Le lendemain, Richard se présenta à 9 heures précises à l'accueil du service de chirurgie pédiatrique. La secrétaire le reconnut et lui demanda de patienter en souriant.
Vers 9h45, le docteur Vitti vint le chercher lui-même dans la salle d'attente. Il le suivit d'un pas décidé, prêt à faire face à toutes les éventualités qu'il avait déjà tournées et retournées mille fois dans sa tête. Le docteur lui fit signe de s'asseoir et se montra extrêmement direct dans sa proposition.
"- Je peux faire transférer votre fils dans mon service et essayer de m'en occuper. Il faudra que vous ou votre femme veniez vous installer à Paris tout le temps nécessaire pour être auprès de lui. Après cela, je ferai de mon mieux mais je ne promets absolument rien et je n'accepterai aucune pression de votre part. Que l'état de votre fils s'améliore ou pas. Est-ce que je suis bien clair ?
- Tout à fait clair.
- Vous me dites oui maintenant mais la situation risque d'être beaucoup plus difficile que vous l'imaginez. Je ne veux surtout pas être responsable de vos espoirs ou de vos déceptions... Si je ne peux rien faire, je ne me gênerai pas pour vous le dire.
- D'accord.
- Bon... dans ce cas, nous avons des papiers à remplir pour demander officiellement le transfert de votre fils."
En fait, pour accélérer les démarches, Richard dut passer la journée à l'hôpital. Il patientait dans la salle d'attente et, régulièrement, une des deux secrétaires venait lui demander de remplir un nouveau formulaire. Il fallut aussi passer plusieurs coups de téléphone pour qu'il donne des accords verbaux au sujet du transport en ambulance entre Clermont et Paris.
Il appela Caroline à plusieurs reprises. Elle aurait aimé pouvoir réfléchir plus longtemps quant au changement d'hôpital mais Richard fit tout pour lui donner l'impression qu'il savait exactement ce qu'il faisait. Elle accepta d'accompagner Johan sur Paris : un hôtel proche de l'hôpital était spécialement dédié à l'accueil des parents.
Pour aller plus vite, Richard accepta de prendre à sa charge tous les frais de transfert.
Vers 19 heures, le docteur Vitti appela Richard dans son bureau.
"- Les démarches administratives sont terminées, vous n'avez plus rien à faire ici. Du moins pour l'instant.
- Merci, docteur.
- A cause d'Antonio, nous voilà embarqués dans une bien curieuse histoire... Même mort, il continue à me mettre dans des situations farfelues.
- Elles sont à la mesure de ce qu'il était capable de faire pour aider sa famille."
A ces mots, le docteur Vitti se figea de stupéfaction et regarda Richard comme il aurait regardé un extra-terrestre... Richard craignait d'avoir dit une énormité : après tout, que savait-il d'Antonio ?
Mais le docteur se remit rapidement de sa surprise et ajouta ces quelques mots :
"Je ne sais vraiment pas quelle image vous pouvez avoir d'Antonio et de son sens de la famille... Sachez simplement que toutes les personnes qu'il a pu "aider" tout au long de sa vie ne sont pas aussi fières que vous d'avoir eu un jour à faire à lui. Bonsoir, monsieur."
Richard pensa d'abord retourner à l'hôtel mais il préféra finalement rentrer tout de suite. Il roula aussi longtemps qu'il le put, s'arrêtant par deux fois pour somnoler sur une aire d'autoroute, puis il arriva chez lui vers 4 heures du matin après avoir vécu les deux journées les plus longues de sa vie.

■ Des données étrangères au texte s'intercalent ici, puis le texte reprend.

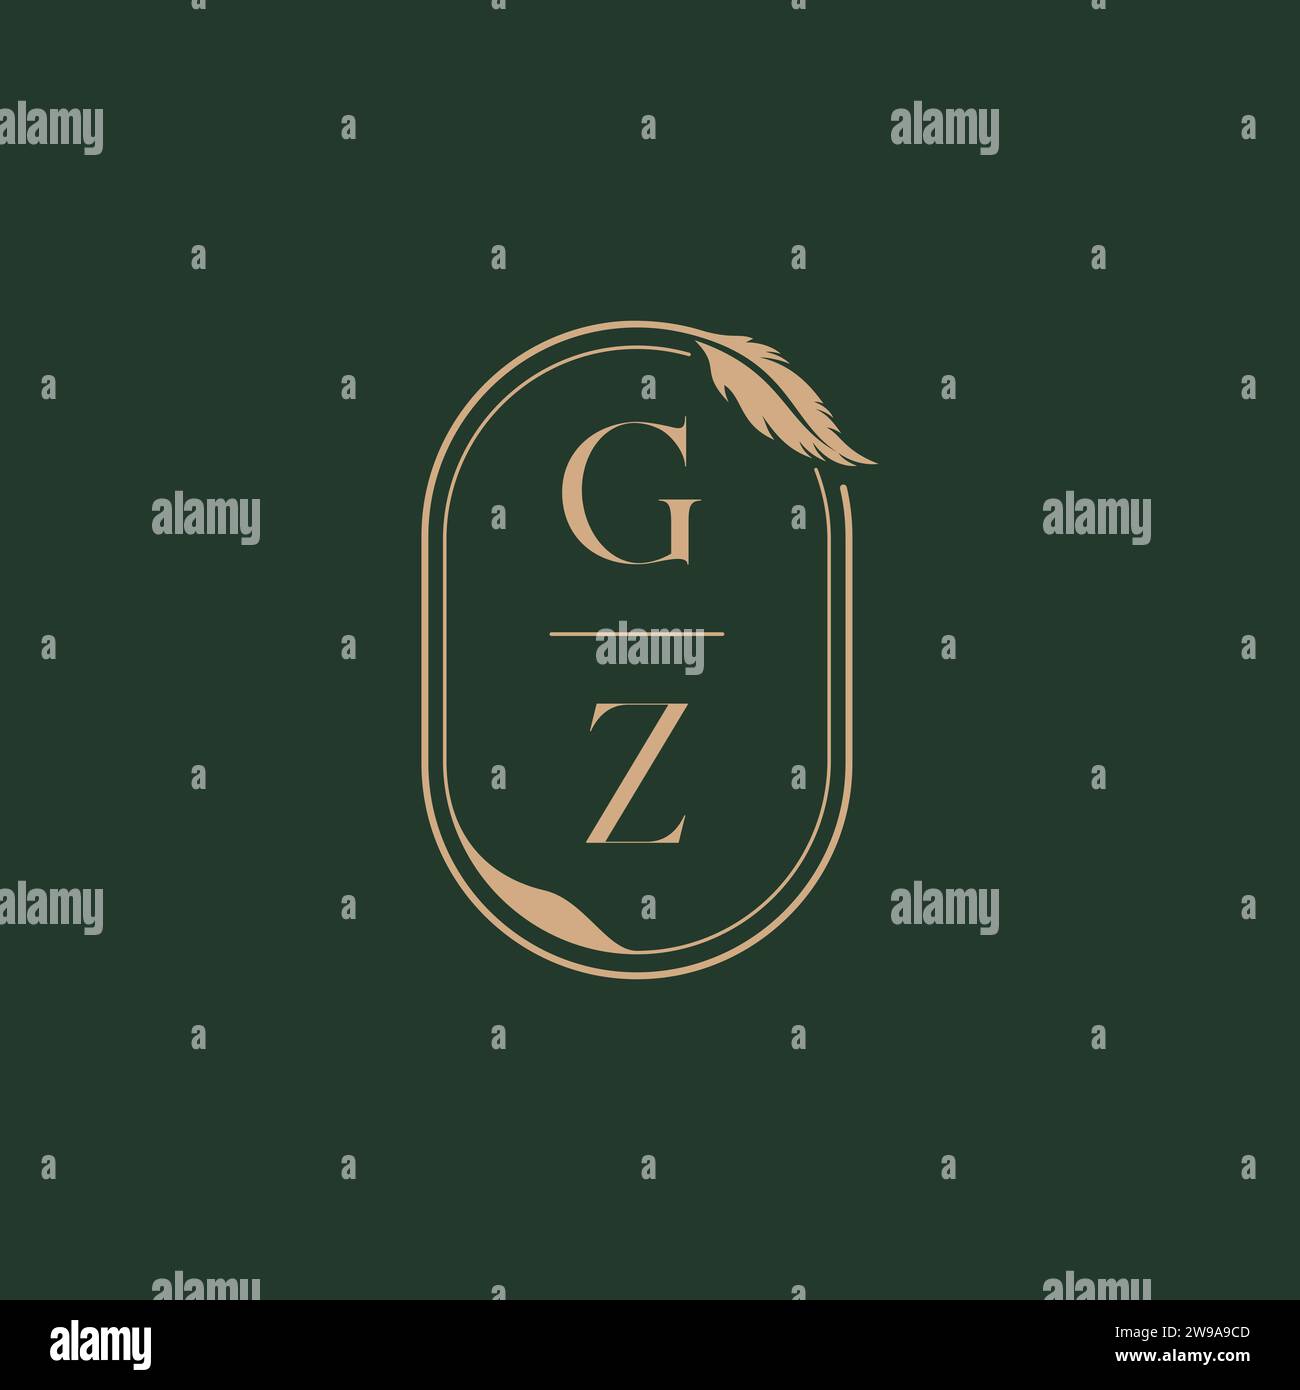 GZ feather concept wedding monogram logo design ideas as inspiration Stock Vector

Johan fut transféré deux jours plus tard. Caroline l'accompagna. Richard et Alexandre venaient les rejoindre tous les week-end. Caroline se sentit très vite en confiance avec le professeur Vitti. Johan se sentait mieux et il pouvait à commencer une rééducation de ses jambes. Tout le monde se sentait mieux... Au bout de la première semaine, Richard avait pu constater que le docteur Vitti prenait vraiment à coeur le cas de Johan. Il s'en occupait personnellement et se rendait facilement disponible. Mais Richard n'essaya pas d'en parler avec lui. Après tout, dans la famille, il ne fallait pas poser trop de questions.
Au bout de la troisième semaine, il annonça à Caroline qu'une greffe de rein était disponible le jour même. Johan fut opéré dans l'après-midi. Richard et Alexandre arrivèrent de Clermont-Ferrand dans la soirée.
Johan sortit du service de réanimation le lendemain matin. Le docteur Vitti leur expliqua que, si tout se passait bien, le jeune garçon pourrait quitter l'hôpital et rentrer chez lui au bout de trois semaines.
Trois semaines plus tard, la famille se trouvait à nouveau réunie, pour la première fois depuis plus de quatre mois dans la petite maison derrière la station-service. Johan poursuivit ses traitements et sa rééducation jusqu'à son huitième anniversaire, qu'il fêta chez lui comme un retour définitif à la "vie normale". Celle que Richard et Caroline aimaient tant et dont ils se disaient qu'ils ne douteraient plus jamais.

 

c'est fini ?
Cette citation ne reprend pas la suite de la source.